DATASET CONTENT:

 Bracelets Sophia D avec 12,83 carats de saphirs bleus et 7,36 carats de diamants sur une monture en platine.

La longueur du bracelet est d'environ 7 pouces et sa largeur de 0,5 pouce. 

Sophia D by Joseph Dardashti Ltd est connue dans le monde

* * *

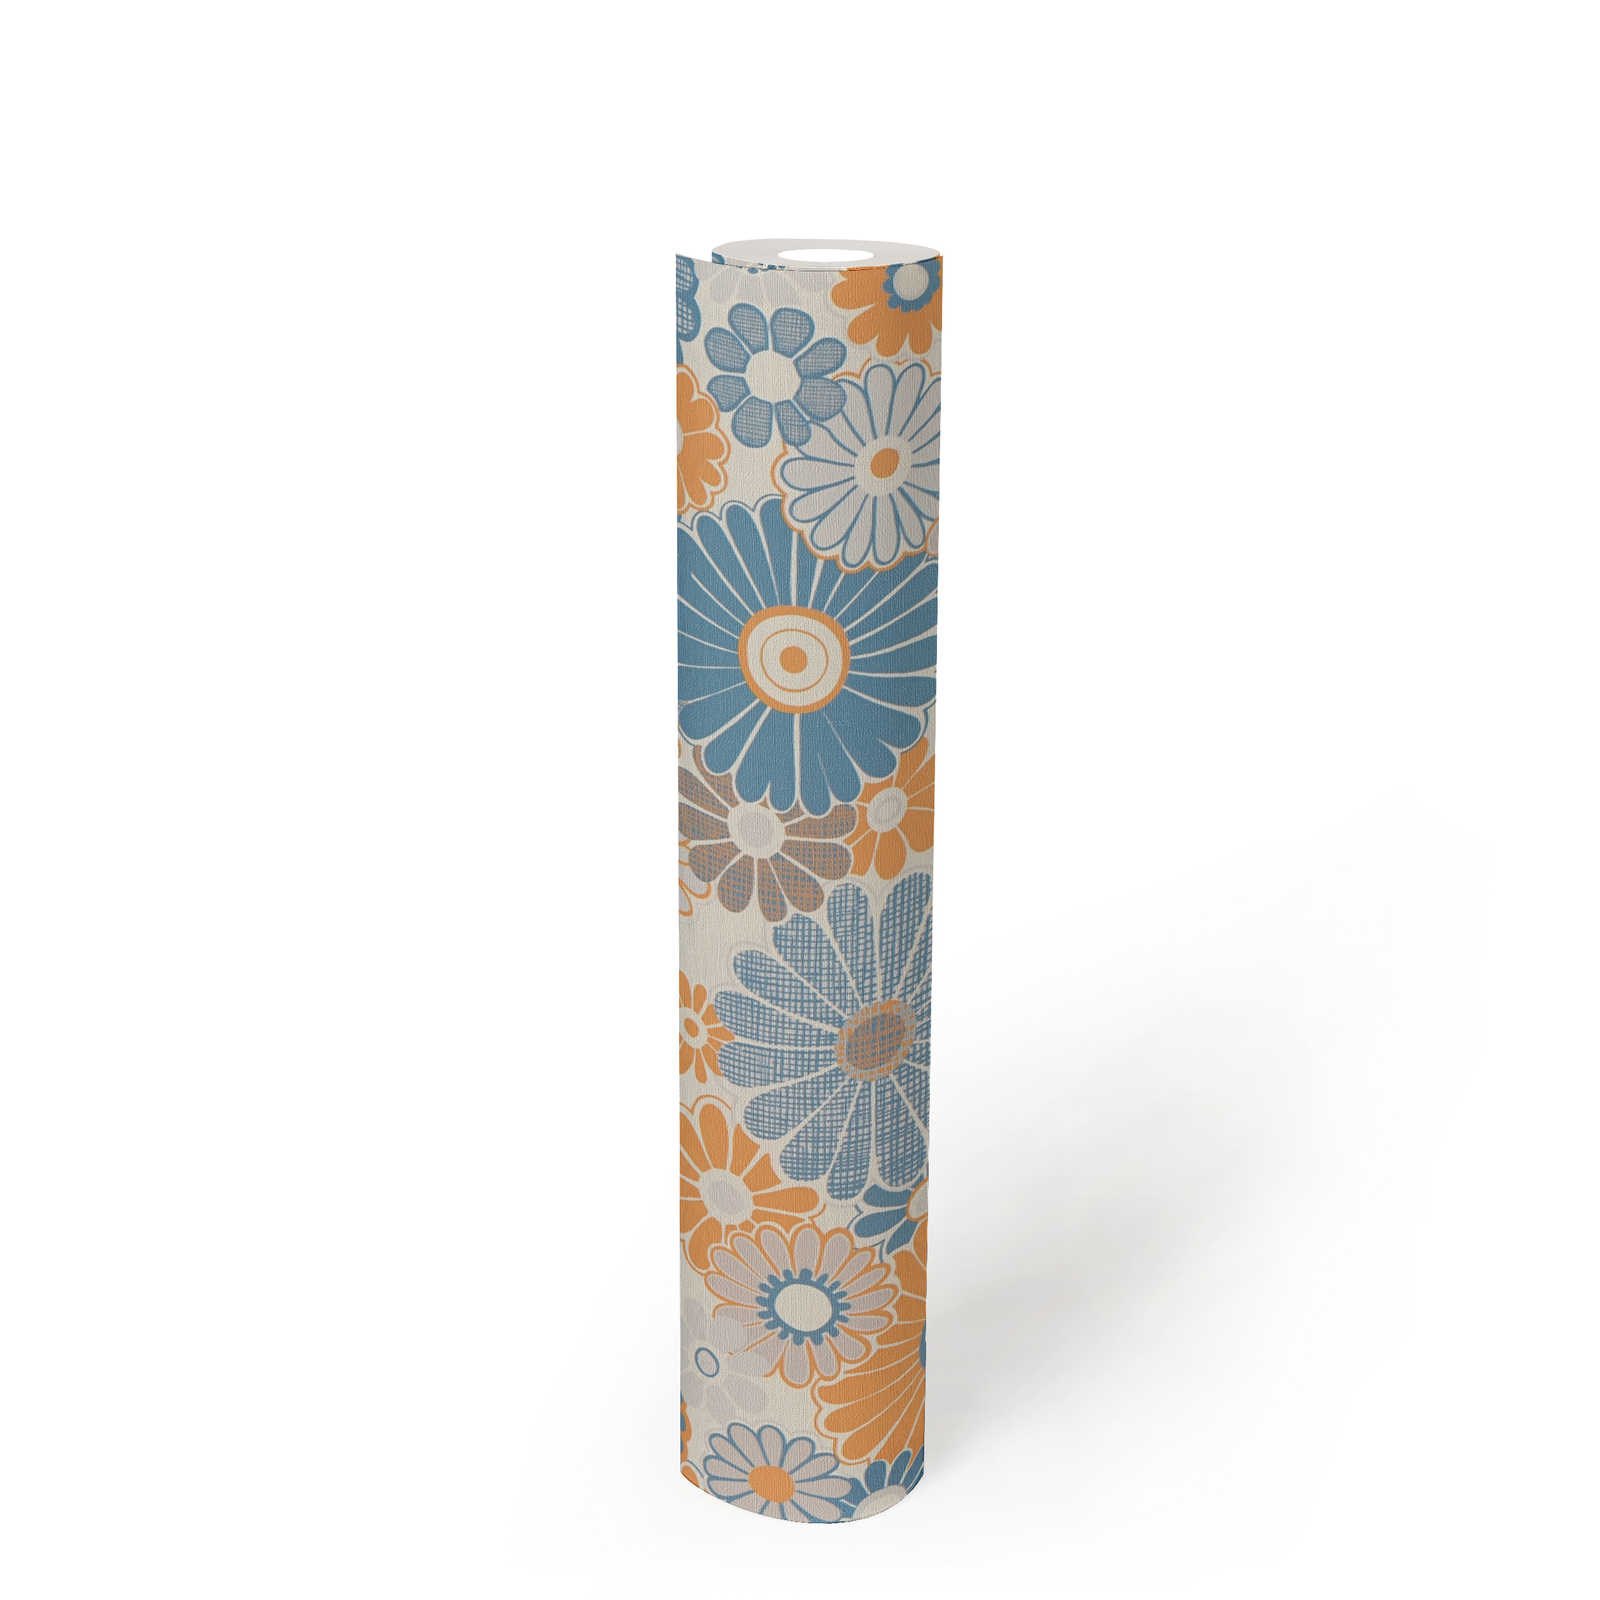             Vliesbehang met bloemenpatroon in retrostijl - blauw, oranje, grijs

DIRECTIONS FOR THIS TASK:
Search the entries for the word "Sophia" and gather every line where it appears.

OUTPUT BELOW:
 Bracelets Sophia D avec 12,83 carats de saphirs bleus et 7,36 carats de diamants sur une monture en platine.
Sophia D by Joseph Dardashti Ltd est connue dans le monde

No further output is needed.